The fact that this still hasn't been solved in the year 2026 makes me wish nothing but bankruptcy on the entire legacy POTS system. Burn it all to the ground.


>Whatsapp came at the perfect moment - mobile operators were starting to offer decently priced data plans but were also still very stingy with SMS (which was a bit of a cash cow for them, infra costs were very low) and essentially never added at the time advanced features (like MMS) to any prepaid plan ever.

Right, this explains the history of why Europeans (and others) don't use SMS any more and use chat apps, namely WhatsApp. But still, that was many years ago, and there are many other (and better) chat apps out there now. The EU has been agitating a lot against US tech dominance, but they seem stuck on WhatsApp from Meta; they should have been moving to something else a long time ago.


I don't think the dependency from Whatsapp (it's arguable other apps are "better" or not and on which axis) is critical. WA has alternatives (up to "no app at all" thanks to RCS).

The real issue with US tech dominance is B2B (i.e. Microsoft)


In my experience most people have at least one other chat app installed. Signal, Telegram, Facebook (I think there's a built in messenger), discord, and snapchat are all common. It's just that practically everyone has Whatsapp, so that's the common denominator.


Not only does Facebook have Messenger, but it's actually a (pretty) good privacy option. It went full on default end-to-end encrypted a couple years ago. Telegram doesn't do that, you have to jump through some hoops. Signal does but it's honestly pretty niche. Everyone from your grandma to your kids has Facebook though and somehow Zuckerberg decided his data-Hoover shouldn't extend to everyone's conversations. It's surprisingly good.


WhatsApp became popular long before Meta bought it in 2014. Signal and Telegram both came late to the scene, both around the time of the WhatsApp acquisition. Whatsapp was simply in the right place at the right time with little competition, and a combination of network effects and Meta mostly leaving it alone make it hard to get enough traction for anything else

The US has more of an Apple-monoculture and apparently moved to unlimited SMS plans much earlier than Europe, so iMessage was able to fill the same niche


And to give them credit: WhatsApp also had brilliant engineering that was able to scale with their popularity.
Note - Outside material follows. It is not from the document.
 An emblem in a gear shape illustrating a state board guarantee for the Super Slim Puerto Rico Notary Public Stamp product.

Green bubble / blue bubble social and culture wars are not a thing in Europe.


They're not a thing almost anywhere outside the US (and maybe Canada).


They're not really a thing in the US either, outside of people trying to engagement bait on social media.
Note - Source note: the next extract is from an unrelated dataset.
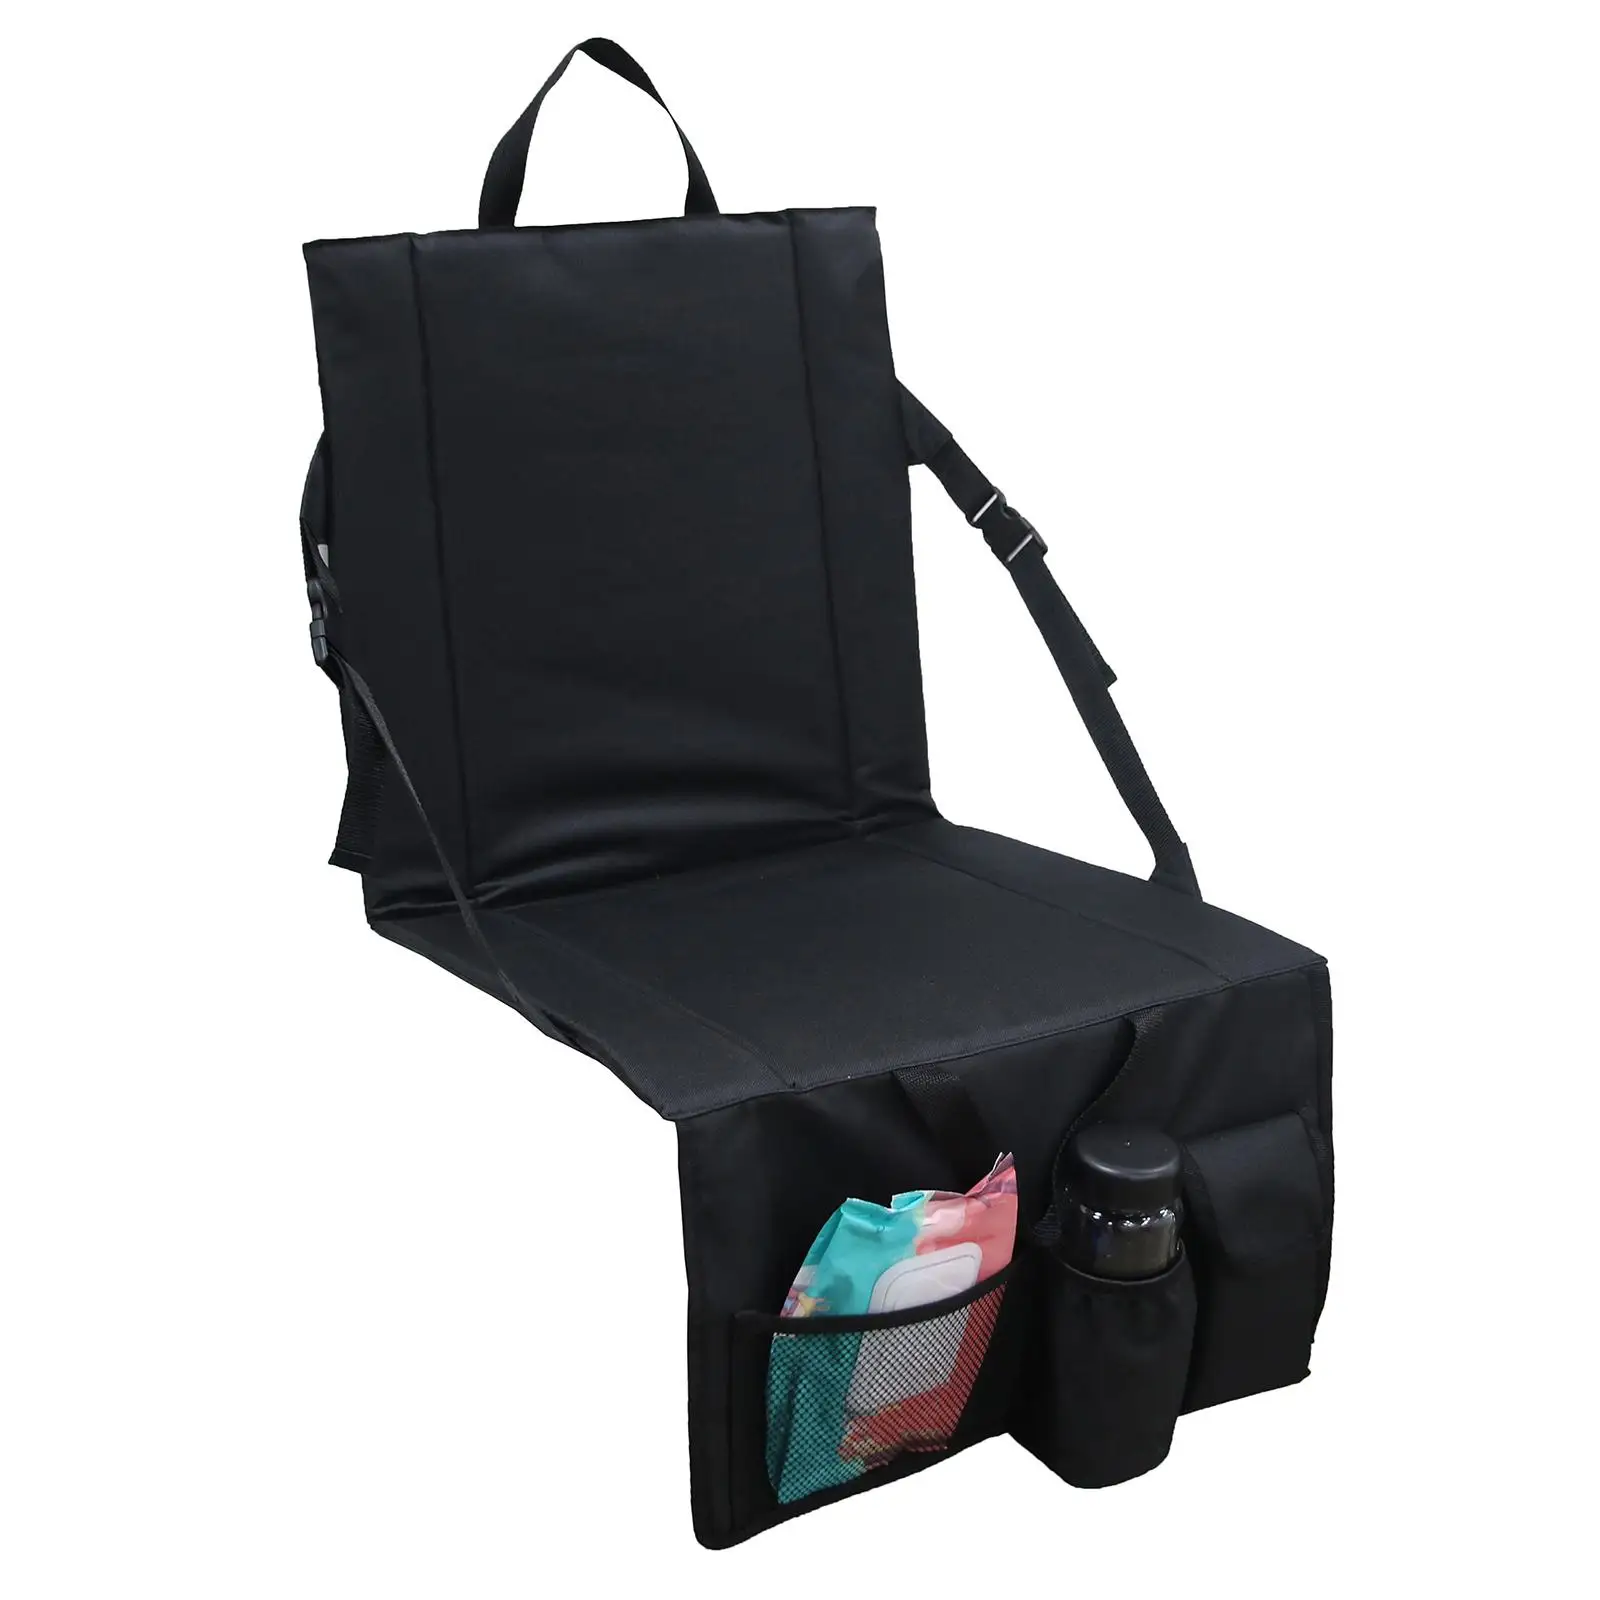 Foldable Stadium Chair with Pocket Padded Cushion Sit Mat Wide Lightweight Oxford Cloth Camping Trekking Outdoor Travel

Whatsapp was just too convenient at a time no good alternatives existed, and when Smartphones were not ubiquitous.

It was free while SMS was not, and it ran on basically every cellphone that existed, no matter how shitty it was.

Network effects mean that replacing it is extremely hard. I tried getting people I know into Signal, Telegram, anything else. All those attempts were short lived.

I can't see it changing without some actual external intervention (e.g.: Meta being barred from operating it in Europe, etc).

The example was just mentioned as an extreme thing that would move this particular needle, not as something I think can oe will realistically happen.


My pet theory is that it's just because don't have a critical mass of iOS users to make iMessage viable and still wanted features at least half a decade before RCS got to a usable state.


Not that bizarre when you are paying something like 5-10 cents per SMS (~2010), you will quickly find alternative solutions. WhatsApp was just there, communication for free. Then you Viber, Telegram and others.

I had an iPhone and I was considering iMessage to be just fancy name for SMS, so I have avoided using it. Only years later I have found out that it was actually communication platform similar to WhatsApp, which can fallback on SMS.


That might be more likely now given recent events


Its definitely not the norm though. I live in central europe and never had whatsapp. Sure some companies offer whatsapp support but they also take email.


This seems like the sort of anecdotal experience the post to which you’re responding is talking about haha


Yep, it is a thing in a handful of Western European countries.